GRAND RAPIDS, Mich. (WOOD) — The Eli Broad College of Business at Michigan State University got a generous donation towards its beverage education from a man whose name is inseparable with Michigan’s craft beer industry.
On Monday, Larry Bell, the namesake and founder of Bell’s Brewery, donated $200,000 to establish an endowment fund bearing his name: the Larry J. Bell Support Fund for Beverage Education. It directly benefits a course within the School of Hospitality Business, aptly titled Hospitality Beverages.
“Let me tell you, it could be a sunny day in March, on a Friday … those students show up,” Bell laughed. “That’s one popular class.”
While Bell is enjoying the retired life, he is still active in the industry he made his mark on. Instead of concocting craft beer at his brewery, he is making guest appearances for the class.
“I think it’s important for them to know all of these different parts — from the mega corporations down to our craft beer, wine and spirits producers in the state, certainly with State’s connection to the agriculture industry with hops, grapes, the things we grow in the state,” Bell explained. “It’s just a great place for them to really see the breadth of the industry and get their arms around that.”
MSU Broad College of Business Professor Carl Borchgrevink has known Bell since the early 1990s and welcomed him as a frequent guest in his class for the last 25 years. The news of the donation from his friend was more than welcoming.
“I was delighted and did a little jig and dance,” Borchgrevink said. “This is just fabulous.”
With the donation, Borchgrevink said the approximately 150 students who take it every year will be able to better understand their industry’s science and economics beyond experiences and menu pairings.

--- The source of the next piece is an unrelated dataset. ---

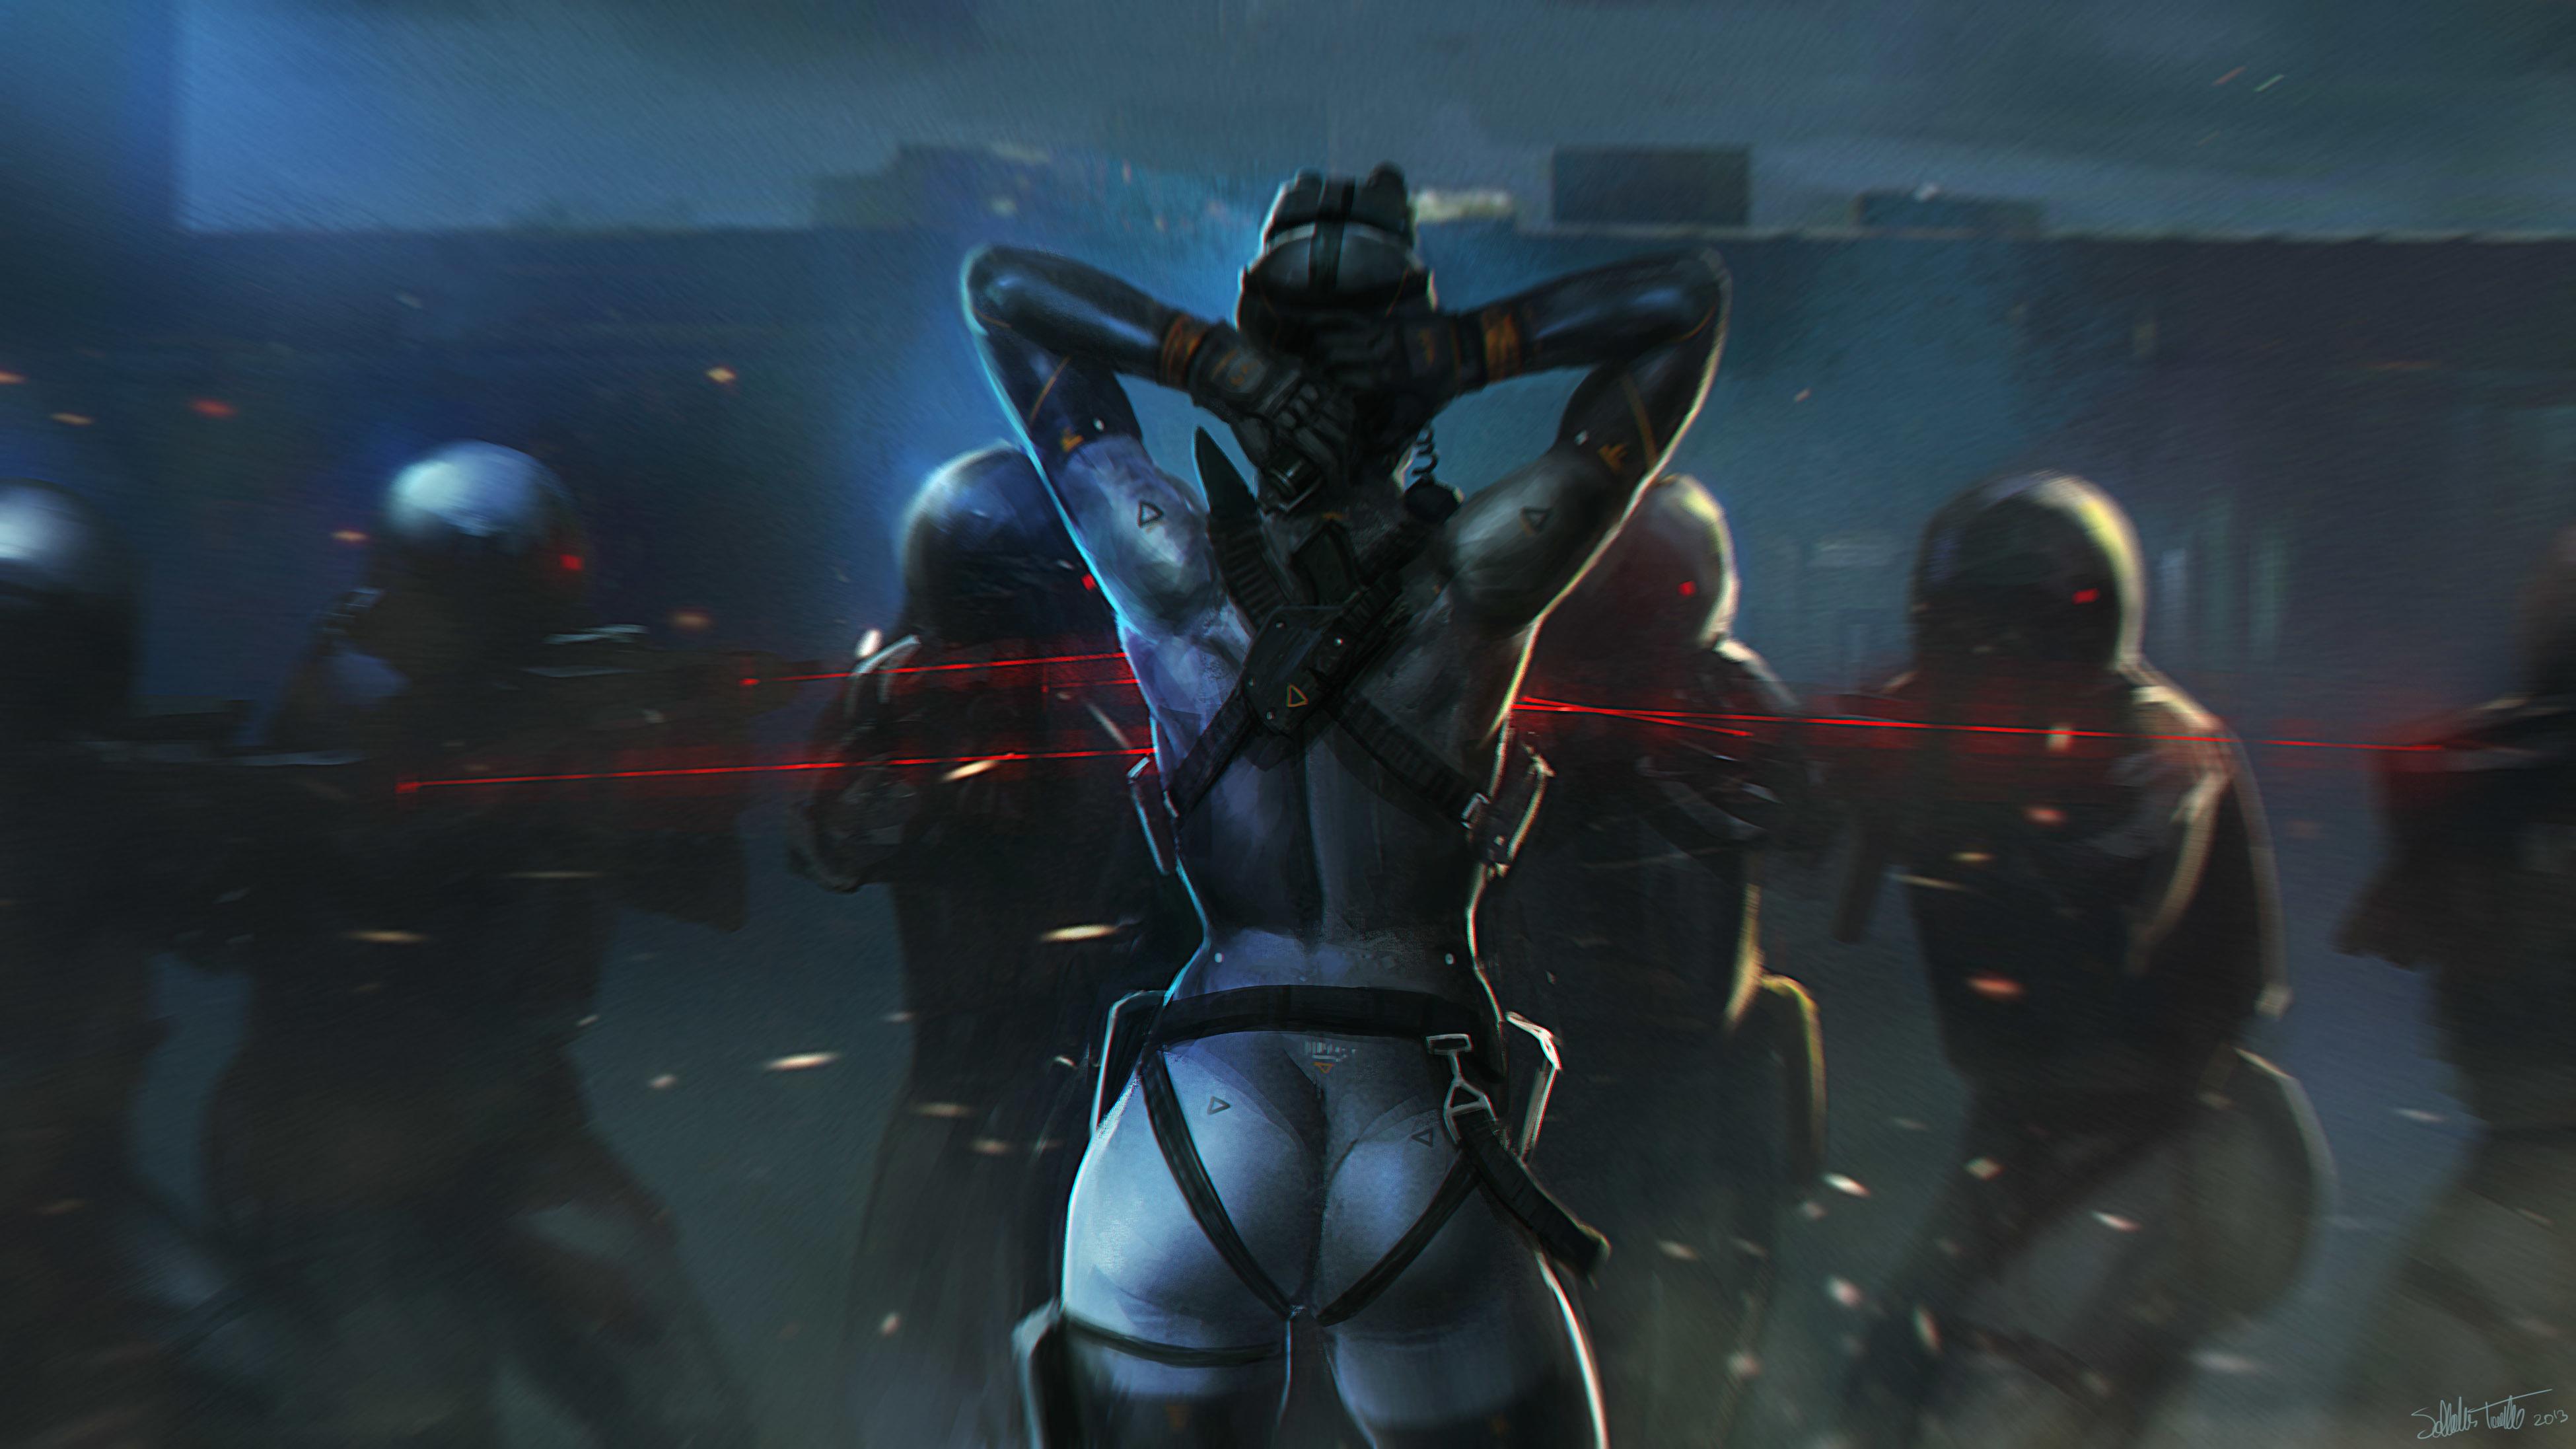 Картинка: Солдаты, прицел, девушка, лазер, спиной, руки за голову, граната, экипировка, Salvador Trakal, арт

“We’re not allowed to charge lab fees. I can’t charge my students for the beverages I’d like to bring into class,” Borchgrevink explained. “But when we’re talking about a particular beverage, I’d like to bring in a quality product to demonstrate. This will make it possible to do so.”
The ability came from a man raising a glass to the next generation of brew masters and service industry leaders.
“These students are way better prepared than any of us were back in the day,” Bell added. “It’s wonderful to see the industry driving forward, to see this extra added layer of education that we can offer to them now.”
Both Bell and Borchgrevink say they encourage others to also pitch in, hopefully so that the program can begin offering scholarships to deserving students in the future.